1. Cotton's water consumption

The cotton trade brings economic benefits to these regions – but also serious environmental and social problems.

Water usage is among the most dramatic. More than half of global cotton production – 57% – takes place in areas under high or extreme water stress, according to data compiled by the World Resources Institute.

Only 30% of the cotton produced comes from "rain-fed" farming.  The rest relies on irrigation, mainly wasteful flood irrigation. 

The Aral Sea in Central Asia vividly illustrates the effects of such stress. It shrank to just 10% of its former volume, through drought and decades of diverting water chiefly to irrigate cotton farms. 

2. Cotton's chemical usage

As well as being a thirsty crop, cotton cultivation currently uses lots of chemicals – 4% of all world pesticides and 10% of insecticides are used in cotton-growing. 

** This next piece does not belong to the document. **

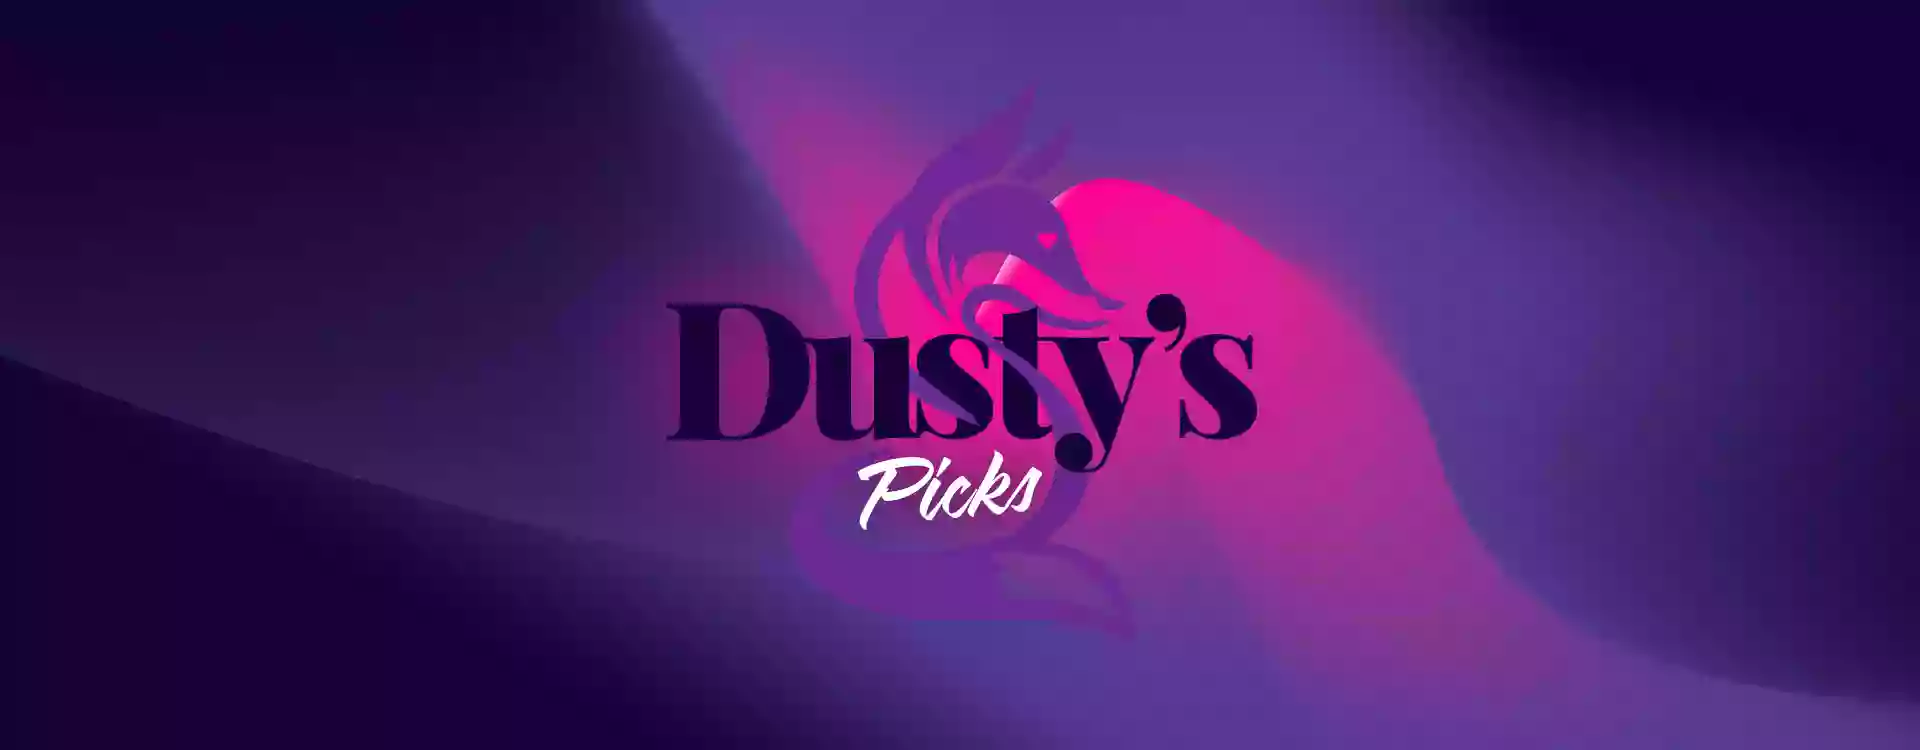 Dusty's

These inputs can pollute local ecosystems and drinking water supplies.

3. Social impacts of cotton farming

Cotton’s historic links to the slave trade are well known. In a miserable echo of that, rights groups have now documented evidence of the ongoing use of child and forced labour in cotton cultivation today, with children as young as five working in cotton fields or ginning factories in countries such as India, Egypt and Uzbekistan.

As a globally traded cash crop, cotton prices can fluctuate significantly. This hits poor cotton producers particularly badly, affecting their incomes, working conditions and quality of life.

Source: Common Objective

Organic Cotton

We are very proud to announce that 80% of the cotton used in our first collection is organic and GOTS & BCI certified.

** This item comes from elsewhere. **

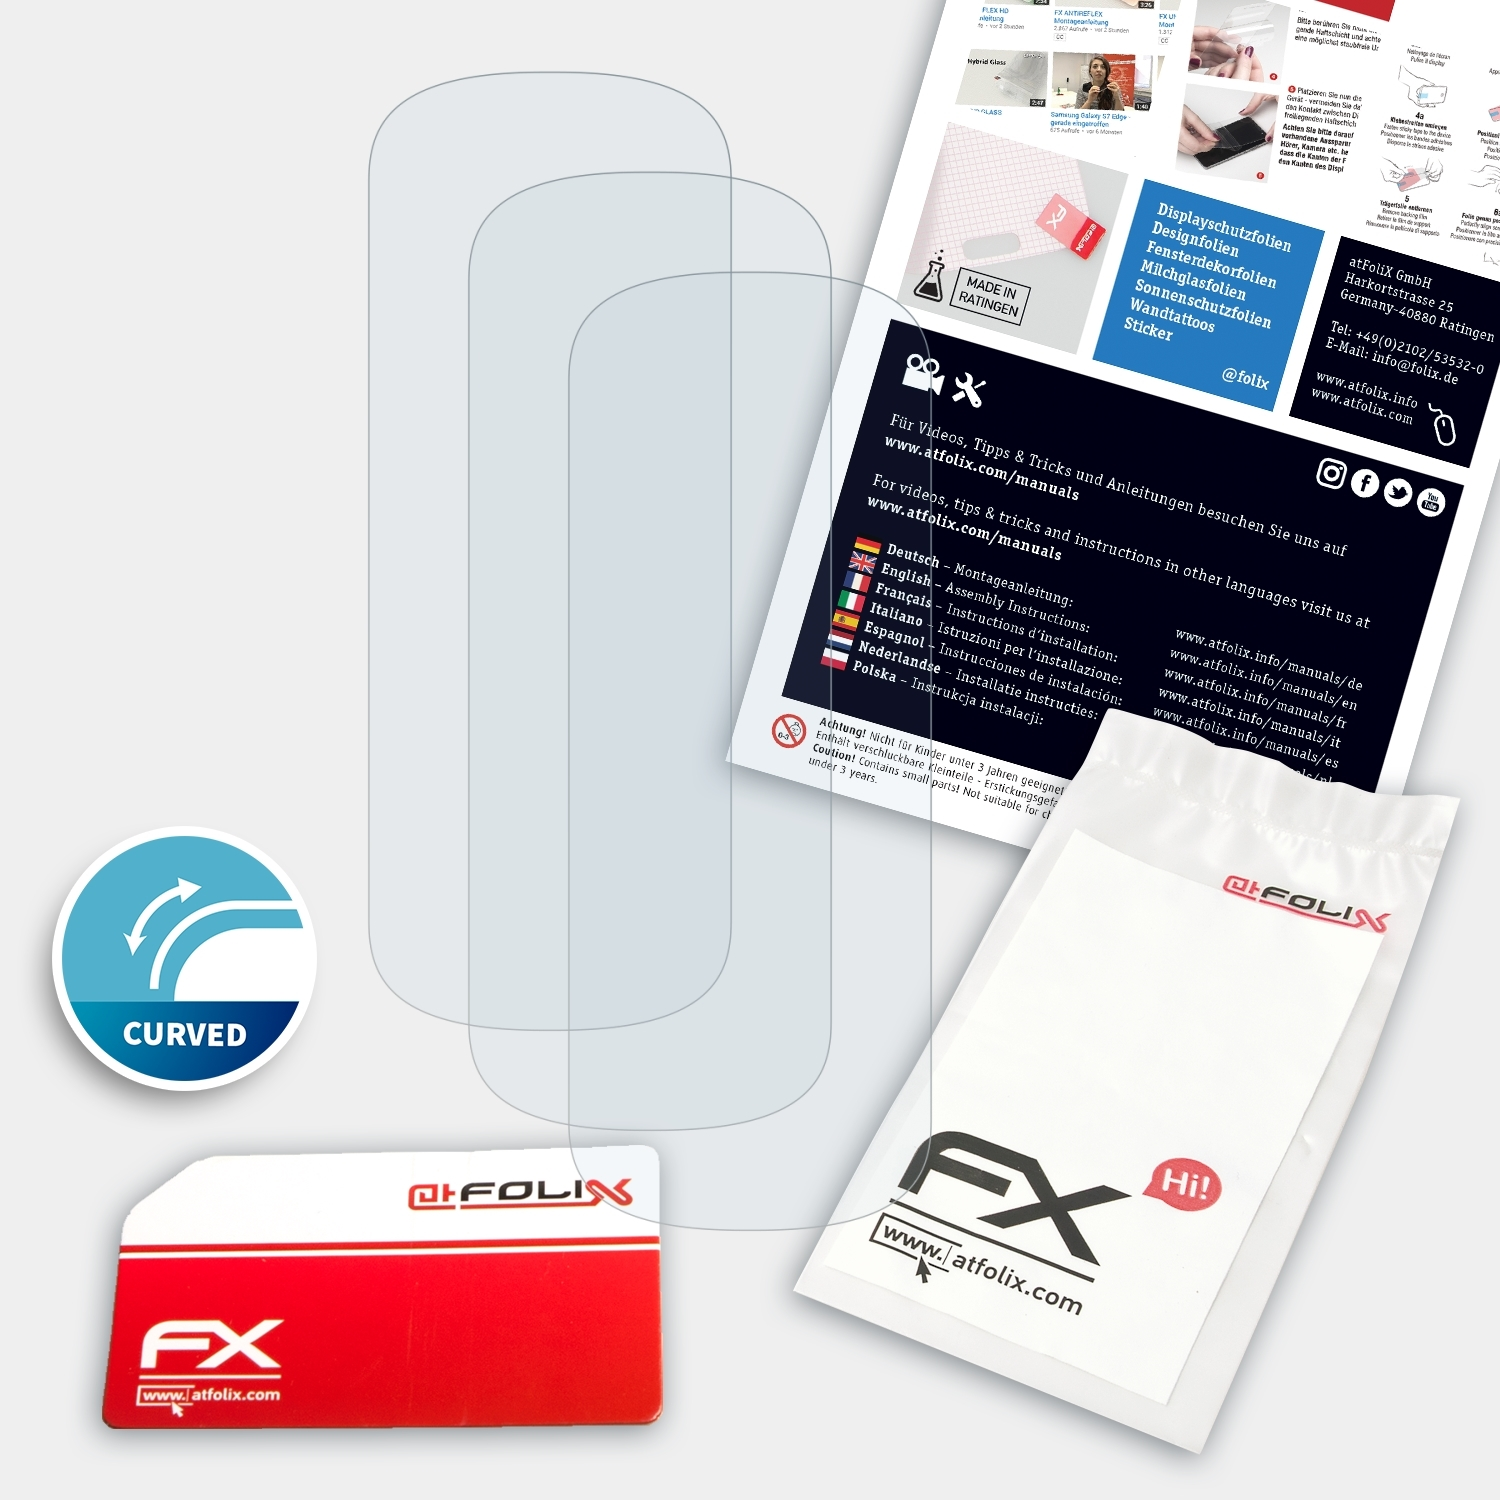 ATFOLIX 3x FX-ActiFleX Displayschutz(für Galaxy Samsung Fit2)

Organic cotton is most widely recognised as a method of growing without the use of toxic chemicals. The multiple stages of the supply chain must remain chemical-free in order to be organic, including land preparation, using non-Genetically Modified seeds, soil, and weed and pest management. Once it is harvested the crop’s manufacturing process from raw fibre to fabric must also remain free of toxins. 

The World Economic Forum has identified water scarcity as a large global risk to society over the next decade, and conventional cotton production is not helping. Organic cotton has a much smaller impact on the water for a few reasons:

  • Organic farmers usually have healthier soil, both due to lack of pesticides and herbicides and through using other soil building techniques. Healthy soil can hold more water, like a sponge, leading to less flooding and more resilient soil during droughts.
  • Hazardous chemicals also can’t run off into waterways, so rivers, lakes and drinking water are kept cleaner.
  • Most organic cotton is grown in rain-fed areas. Farmers rely on rain to water their crops, rather than extracting water from the ground which can negatively impact local water supplies for communities.
  • Beyond water, organic methods don’t result in toxic chemicals contaminating land, air and food supplies, instead of supporting biodiversity that these chemicals destroy, and they don’t use fossil-fuel-based fertilisers. Organic farmers are also less likely to use monoculture practices, by growing other crops alongside cotton. This keeps soil healthier and protect crops, but also provides farming families and their communities with more stable and diverse food supplies and extra sources of income.

Source: Ethical Unicorn



This standard stipulates requirements throughout the supply chain for both ecological and labour conditions in textile and apparel manufacturing using organically produced raw materials.

Organic production is based on a system of farming that maintains and replenishes soil fertility without the use of toxic, persistent pesticides or synthetic fertilisers. In addition, it includes welfare standards for animal husbandry and prohibits genetically modified organisms.


The Better Cotton Standard System is a holistic approach to sustainable cotton production which covers all three pillars of sustainability: environmental, social and economic. Each of the elements – from the Principles and Criteria to the monitoring mechanisms which show results and impact – work together to support the Better Cotton Standard System, and the credibility of Better Cotton and BCI.

The system is designed to ensure the exchange of good practices and to encourage the scaling up of collective action to establish Better Cotton as a sustainable mainstream commodity.